Before we start, here's a quick definition reminder:

\begin{equation*} F_n = F_{n-1} + F_{n-2} \end{equation*}

and \(F_1 = F_2 = 1\).

Using The Closed Form Formula

Deriving a closed formula for \(F_n\) is a simple exercise in solving homogeneous linear recurrences. I skip the details, but if you have never seen the derivation, it is worth looking at. The basic idea is assuming that \(F_n = x^n\) for some \(x\), and then solving for \(x\). This means

\begin{equation*} x^n = F_n = F_{n-1} + F_{n-2} = x^{n-1} + x^{n-2}, \end{equation*}

which implies

\begin{equation*} x^n - x^{n-1} - x^{n-2} = 0. \end{equation*}

Factoring out a \(x^{n-2}\) gives

\begin{equation*} x^2 - x - 1 = 0. \end{equation*}

Solving this using the quadratic formula gives

\begin{equation*} x = \frac{1 \pm \sqrt{5}}{2} \end{equation*}

which is where the golden ratio \(\phi = \frac{1 + \sqrt{5}}{2}\) comes from. After putting in the initial values and a bit more work, the following formula can be derived:

\begin{equation*} F_n = \lfloor \frac{\phi^n}{\sqrt{5}} + \frac{1}{2} \rfloor. \end{equation*}

This can immediately be used to calculate \(F_n\):

from __future__ import division
import math


def fib(n):
    SQRT5 = math.sqrt(5)
    PHI = (SQRT5 + 1) / 2
    return int(PHI ** n / SQRT5 + 0.5)
The Good:
It's fast and simple for small \(n\).
The Bad:
Requires floating point operations. For larger \(n\), more accuracy in floating point operations will be needed. Also, it is no good if we are calculating \(F_n\) modulo a number.
The Ugly:
Using irrational numbers to calculate \(F_n\) is mathematically beautiful, but from a computer science perspective just ugly.

Recursion

Recursion is perhaps the most obvious solution, and one which you have likely already seen a billion times, most likely as the go-to example of recursion. But here it is again, for the sake of comparison later. We can do it in one line in Python:

fib = lambda n: fib(n - 1) + fib(n - 2) if n > 2 else 1
The Good:
Extremely simple implementation, following the mathematical definition.
The Bad:
Exponential running time. Very slow for larger \(n\).
The Ugly:
The stack trace after you get a recursion depth limit error.

Memoization

The recursive solution has a major issue: overlapping recursion subtrees. This is because when fib(n) is called, fib(n-1) and fib(n-2) are calculated. But fib(n-1) in turn will calculate fib(n-2) independently, so fib(n-2) is calculated twice. Continuing in this manner, it is easy to see that fib(n-3) is calculated three times, and so on. So a lot of overlap in the computation.

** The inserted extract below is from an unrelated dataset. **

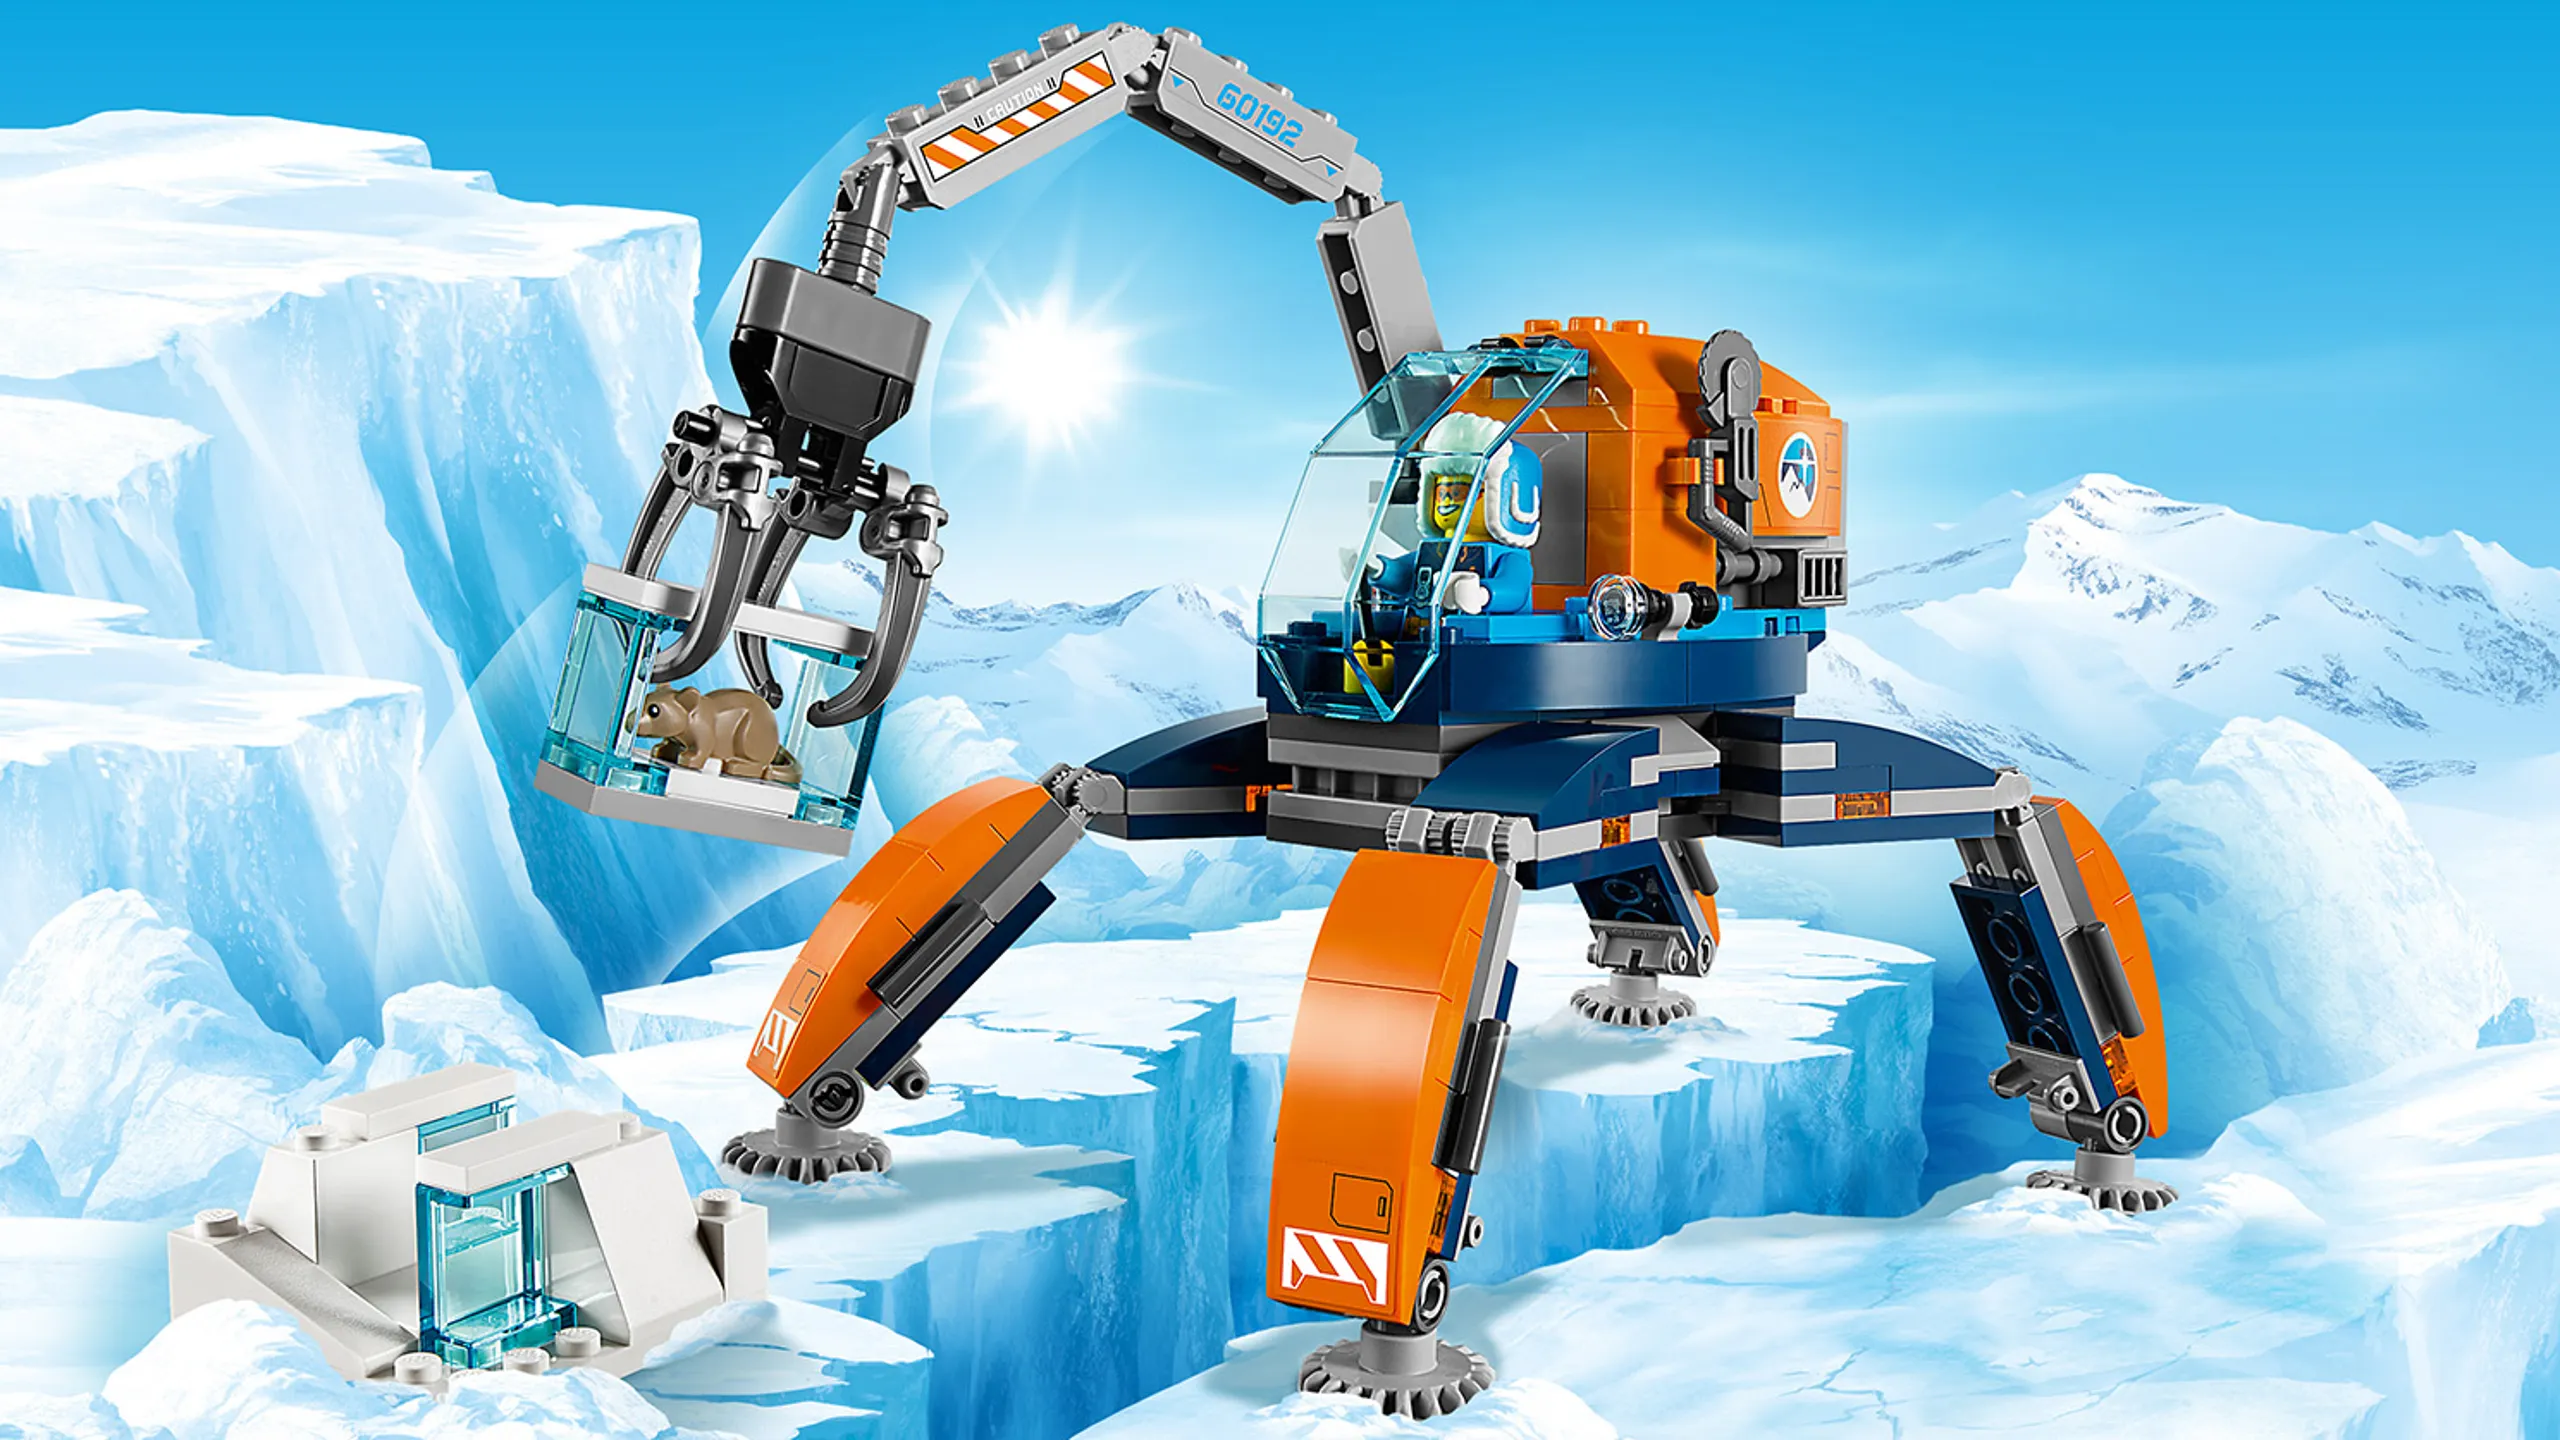 LEGO City Arctic Expedition - 60192 Ice Crawler - Lift big chunks of ice and snow with the crane of this orange ice crawler.

And here's where memoization comes in. Basic idea is simple: store the results so we don't have to calculate them again. Both time and space complexity of this solution are linear. In the solution below I use a dictionary to do the memoization but a simple list or array could also be used, and would likely be faster if the upper limit of \(n\) is known in advance.

M = {0: 0, 1: 1}


def fib(n):
    if n in M:
        return M[n]
    M[n] = fib(n - 1) + fib(n - 2)
    return M[n]

(Python note: you can also do the above using a decorator, for example functools.lru_cache.)

The Good:
Easy to turn a recursive solution to a memoized solution. Will turn previous exponential time complexity to linear complexity, at the expense of more space.
The Bad:
High space complexity to store all previous results and overhead of recursive calls and lookups.
The Ugly:
Same as the recursive solution: the stack trace after you get a recursion depth limit error.

Dynamic Programming

With memoization, it becomes clear that we don't actually need all the previous values stored, just the last two. Also, instead of starting from fib(n) and working backwards recursively, we can start from fib(0) and move forward to reach fib(n). This leads the code below. The running time is linear, but space complexity is now constant. In practise, performance will also be much better since recursive function calls and the branching necessary with the memoization solution are no longer needed. Plus, the code looks much simpler.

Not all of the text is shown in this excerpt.